- EXERCISE BRIEF -
An exact repetition of the data is required; no picture should appear in it.

- DATA BLOCK -

# # # # # # #

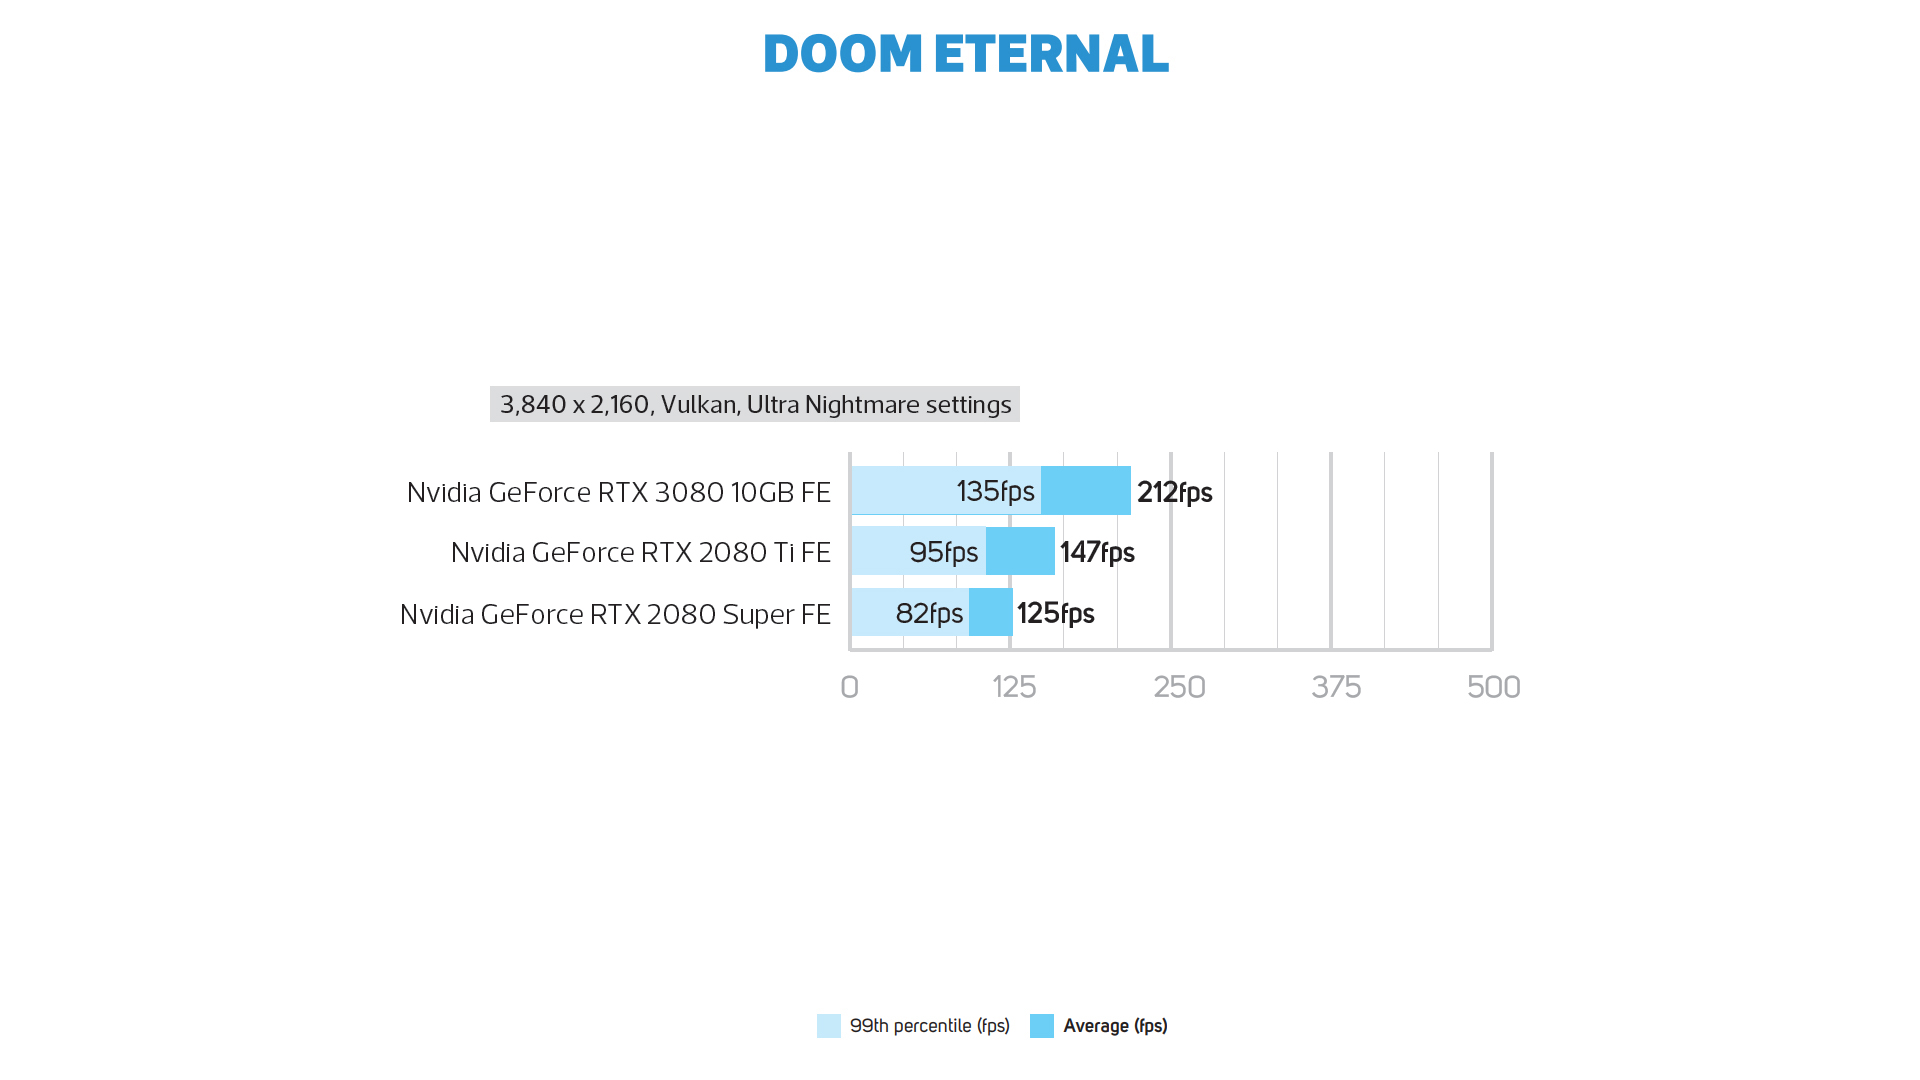 Nvidia GeForce RTX 3080 Doom Eternal 4K frame rate
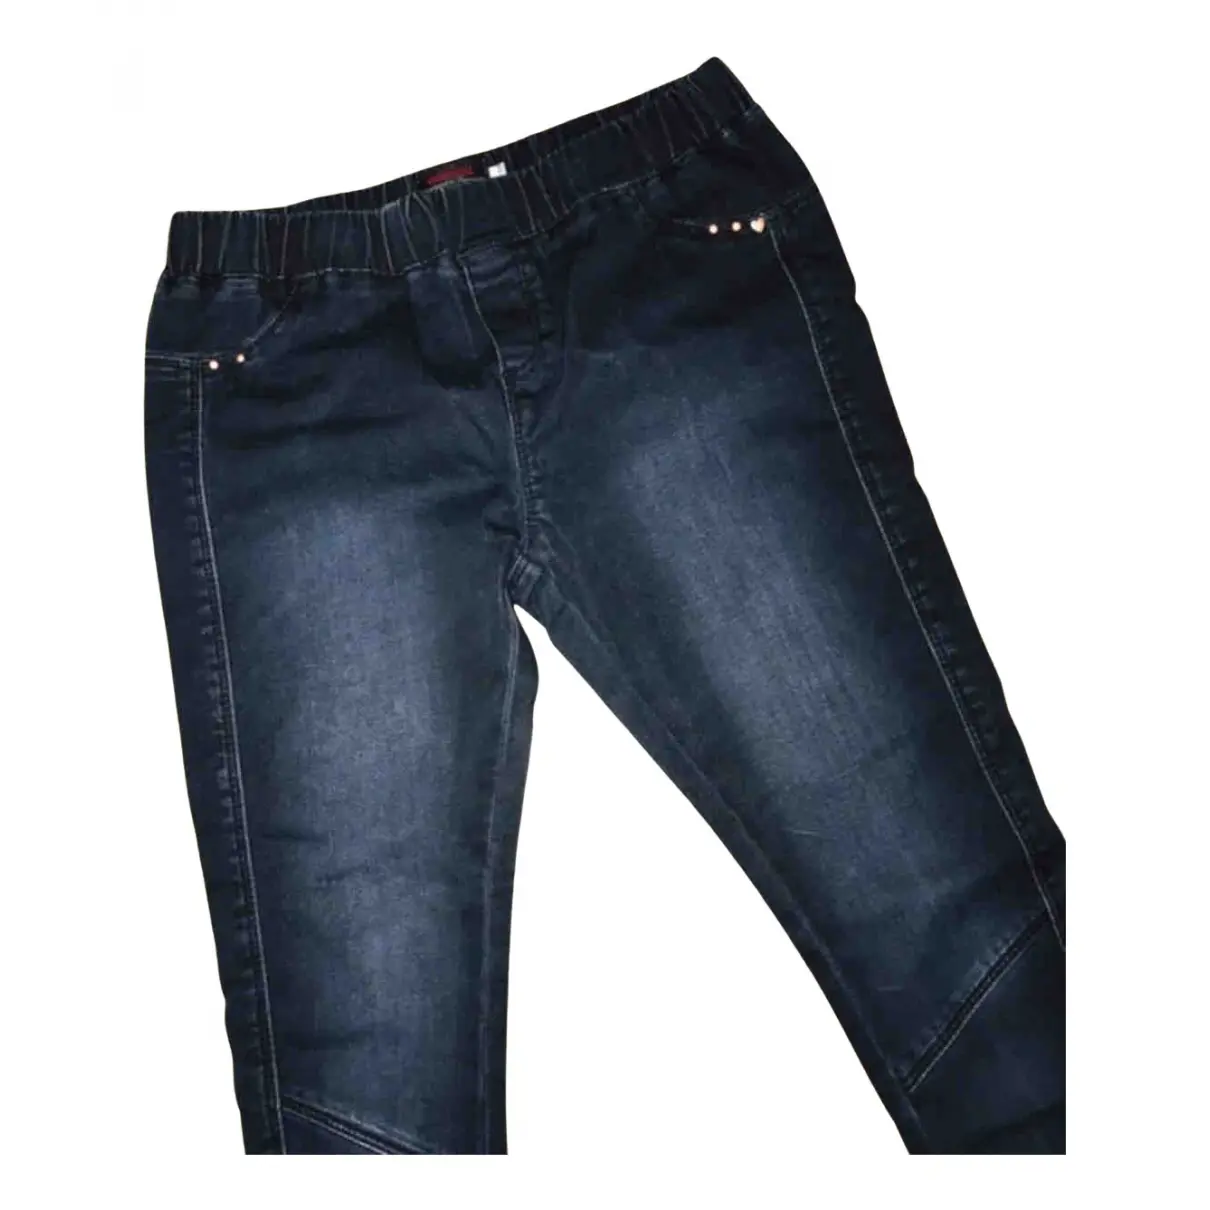 Buy CATIMINI Jeans online
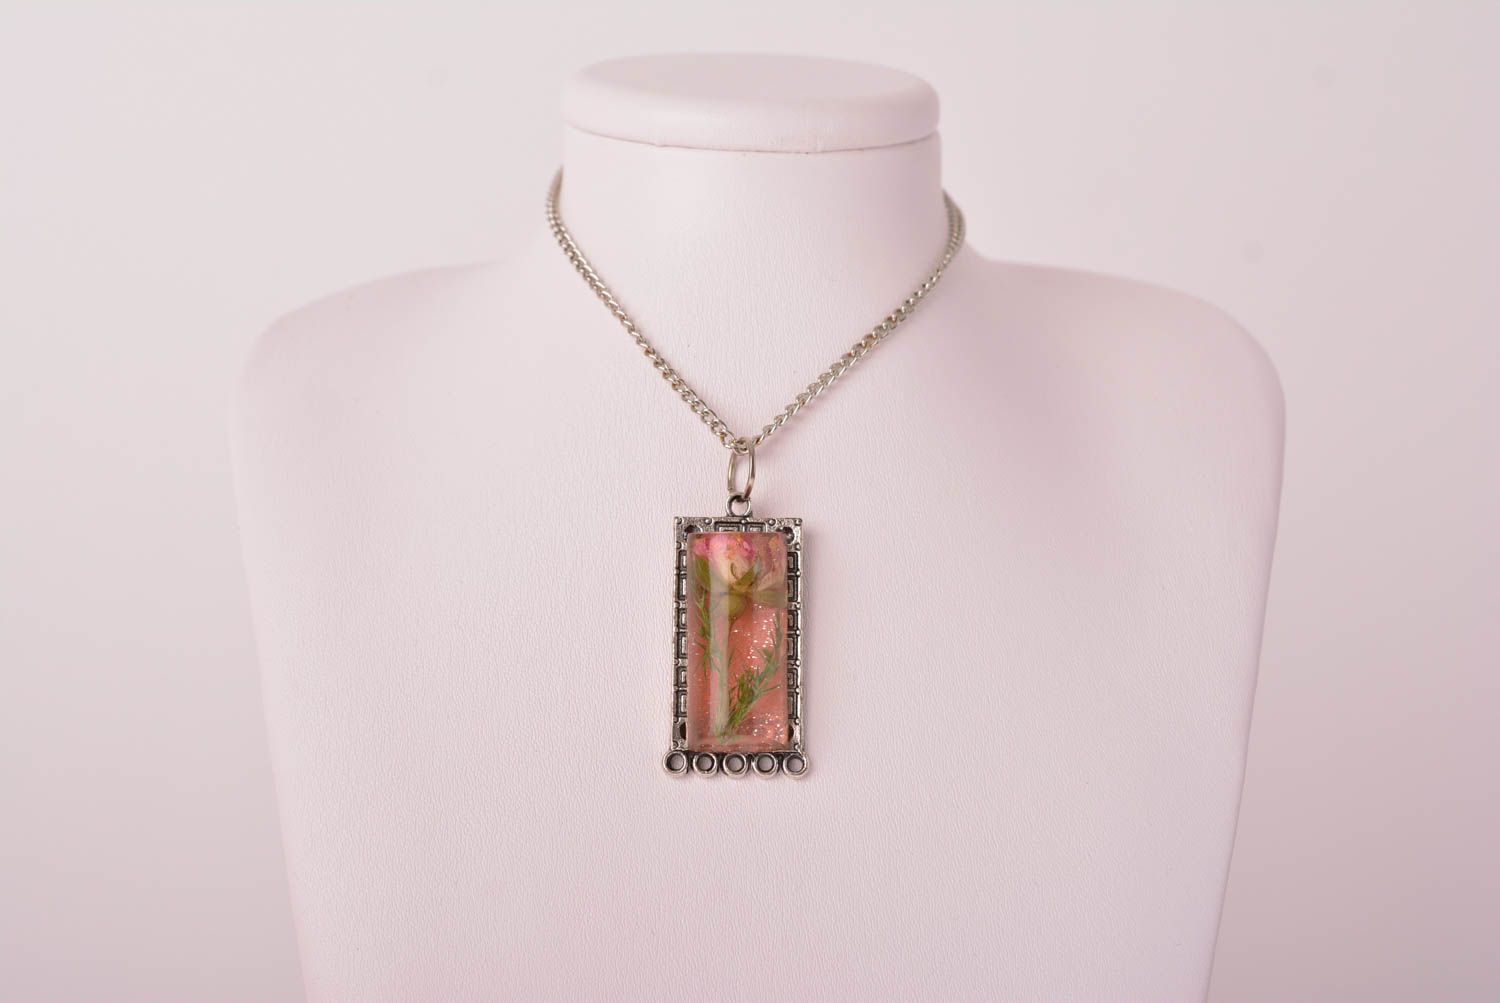 Stylish handmade flower pendant metal necklace handmade accessories for girls photo 2
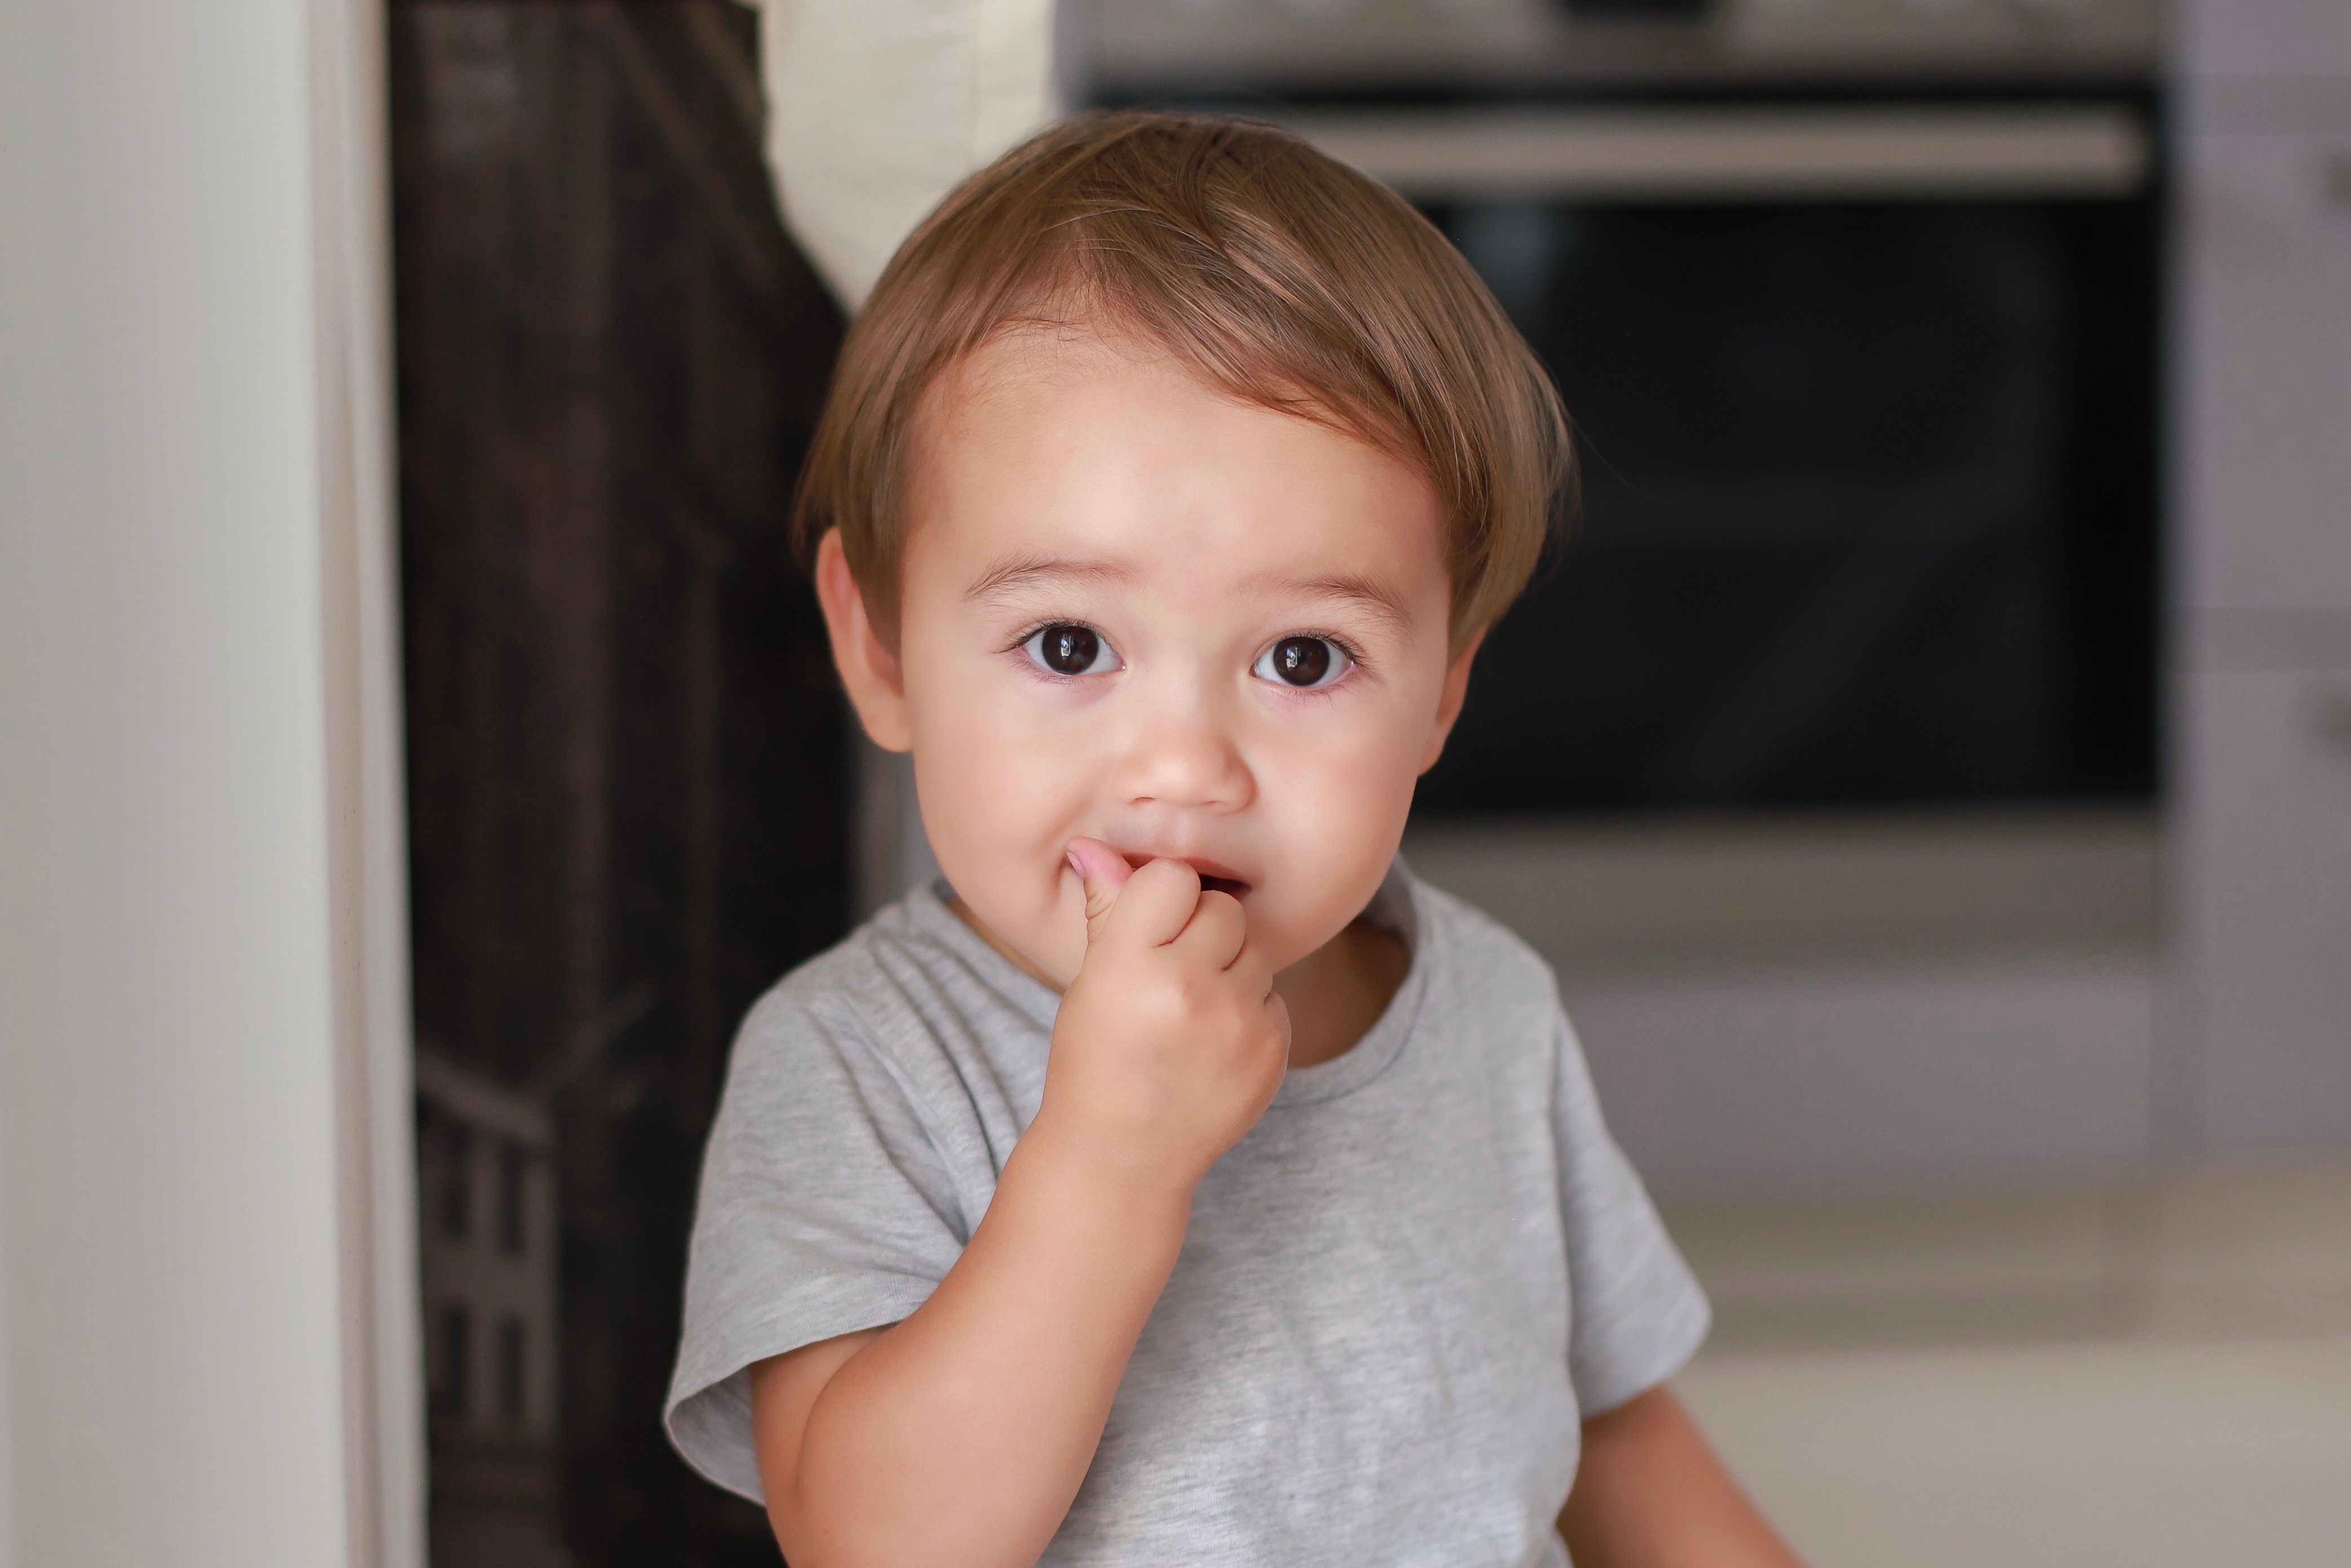 A baby boy | Source: Shutterstock

# # # # # # #

- THE ANSWER -
 Nvidia GeForce RTX 3080 Doom Eternal 4K frame rate
 Buy CATIMINI Jeans online
 Stylish handmade flower pendant metal necklace handmade accessories for girls photo 2
 A baby boy | Source: Shutterstock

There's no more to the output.